My reasons for backing up seem to be changing. Certainly there’s still the raw, precious data. Family photos and video, certain media projects — these things have to be saved for posterity. But increasingly my reasons for wanting a backup are more about state than data. I want to return to the state my machine was in more dearly than I want the data it once contained.

Think of it in more concrete terms. What if you everything in your house — every single physical item — had a double in a storage facility? What if every time you bought anything you bought two and put one in a self-storage bin? Then your house burns down (and all your loved ones are safely vacationing on Maui). You can reconstruct your life from the storage facility, but it will be a massive pain in the ass. The state is all fooked. The effort involved in getting it back to a livable order is overwhelming, basically the same thing as moving — an act which ranks just slightly below death of a spouse in terms of personal stress.

Ideally you’d want a legion of robotic moving specialists to reconstruct your house according to the old plans and place everything back as it once was. A bonus would be the option to redirect the robots as the spirit moved you, but at the very least you’d have an automatic replica. This is the source of my fascination with bootable clones.

The fact is, most of my data is replicable. My iPod and laptop all contain enough of my music library to reconstruct it if the main machine should fail. My calendar is online. Personal mail’s all IMAPped up to the Great Google in the Sky. Work e-mail, replicated from servers. Photos are all on Flickr; video at any number of services. The set of truly precious, non-online-dwelling data is getting smaller and smaller by the day. Basically source files only.

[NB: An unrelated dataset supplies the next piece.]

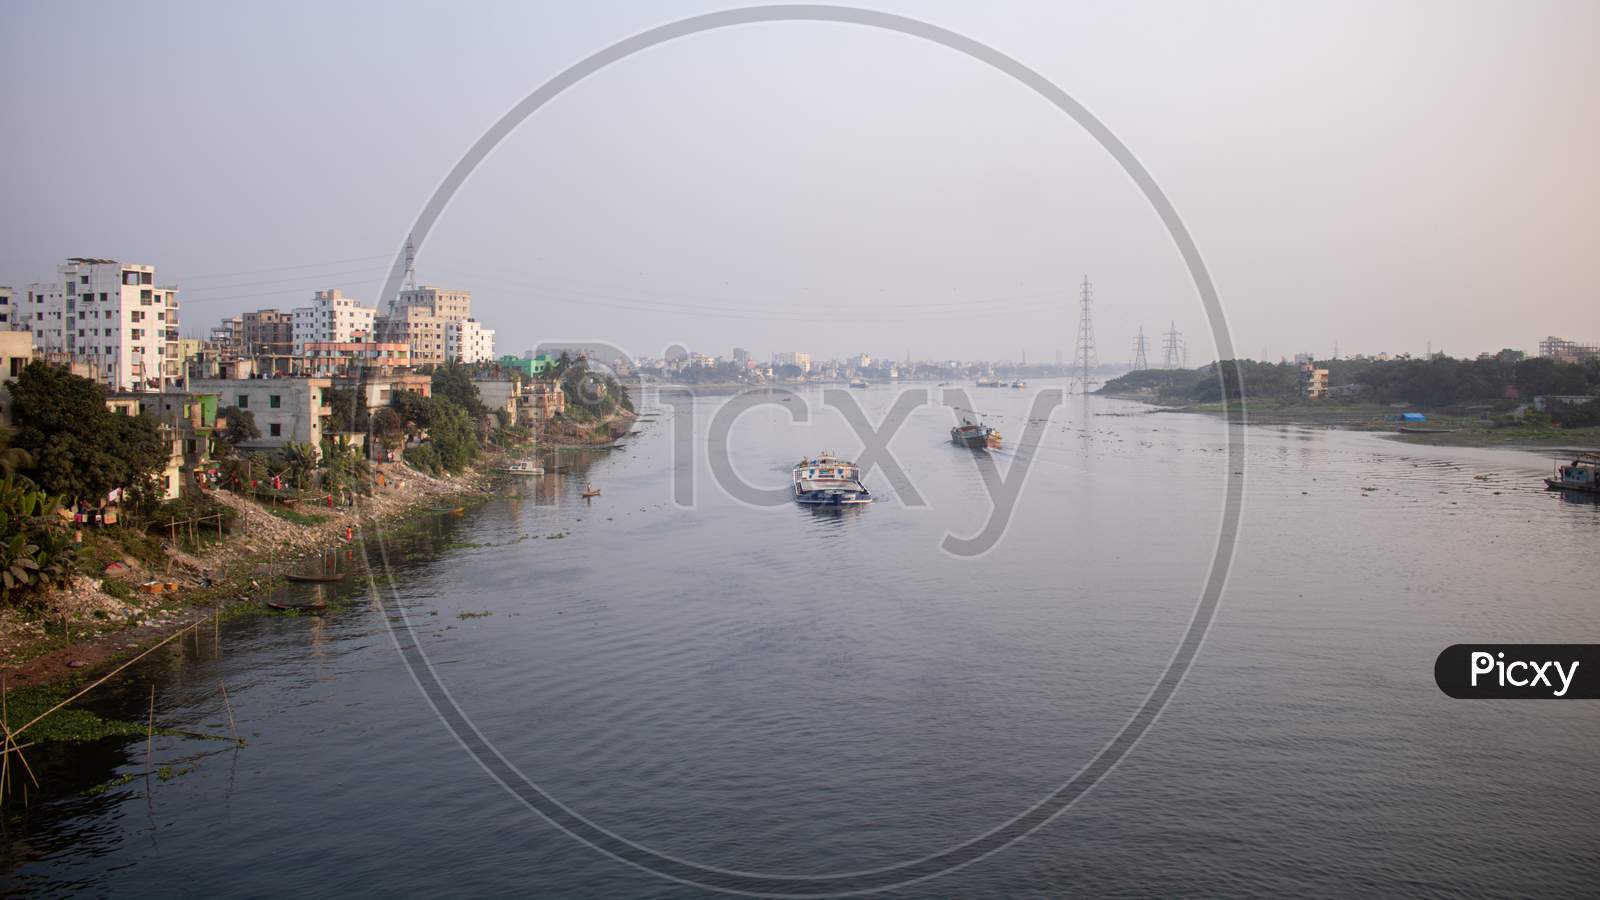 Picture Of Dhaka City On The Banks Of River Buriganga.The River Buriganga Has Enhanced The Beauty Of The Capital City Dhaka.

My prediction is that in the near future state is all we will care about. You won’t even think about data being local or remote. But you will care about speed-to-recovery. And that’s all about the little things, how your machine behaves, how your kitchen was organized before the fire.

There are corollary effects of this attitude. Recently to alleviate some of the space pressure of five people in a home we decided to clean up some of the impromptu areas of storage in the house that had persisted since we moved in. You know what I’m talking about. Boxes that never got completely unpacked. Stacks of crap that made do in a guest bedroom only because you didn’t know where else to put it.

I undertook the foolish exercise of building an attic in my garage. I can hardly hammer a nail straight much less build a structurally sound platform. Most of what we moved up there was non-essential: books, college notebooks (wanted to throw away but couldn’t — I’m going to need that Intro to Lit Crit some day,damnit!), winemaking equipment, random crap.


So I got it all up there. Stored. Except it wasn’t really stored — wasn’t really backed-up — unless I knew it was there. And this again is the influence of Google. Unless you can search for it, unless you know precisely how to get it back, you might as well throw it out, delete it. So I took photos of everything up there, where it lay in the attic. And for the books, well, it got a bit geekier as I finally finished cataloging and noting the location of every last volume with the superb Delicious Library.

Do I care about most of that crap up there? No. Do I care that I know the state of that crap. Absolutely. And that’s the thing. If the garage burned down I would be OK. The stuff is replaceable. The index to that data is not.

Maybe I’m overthinking this because my father and brother are in the self-storage business. But I think not. Spring cleaning for me is really spring tagging.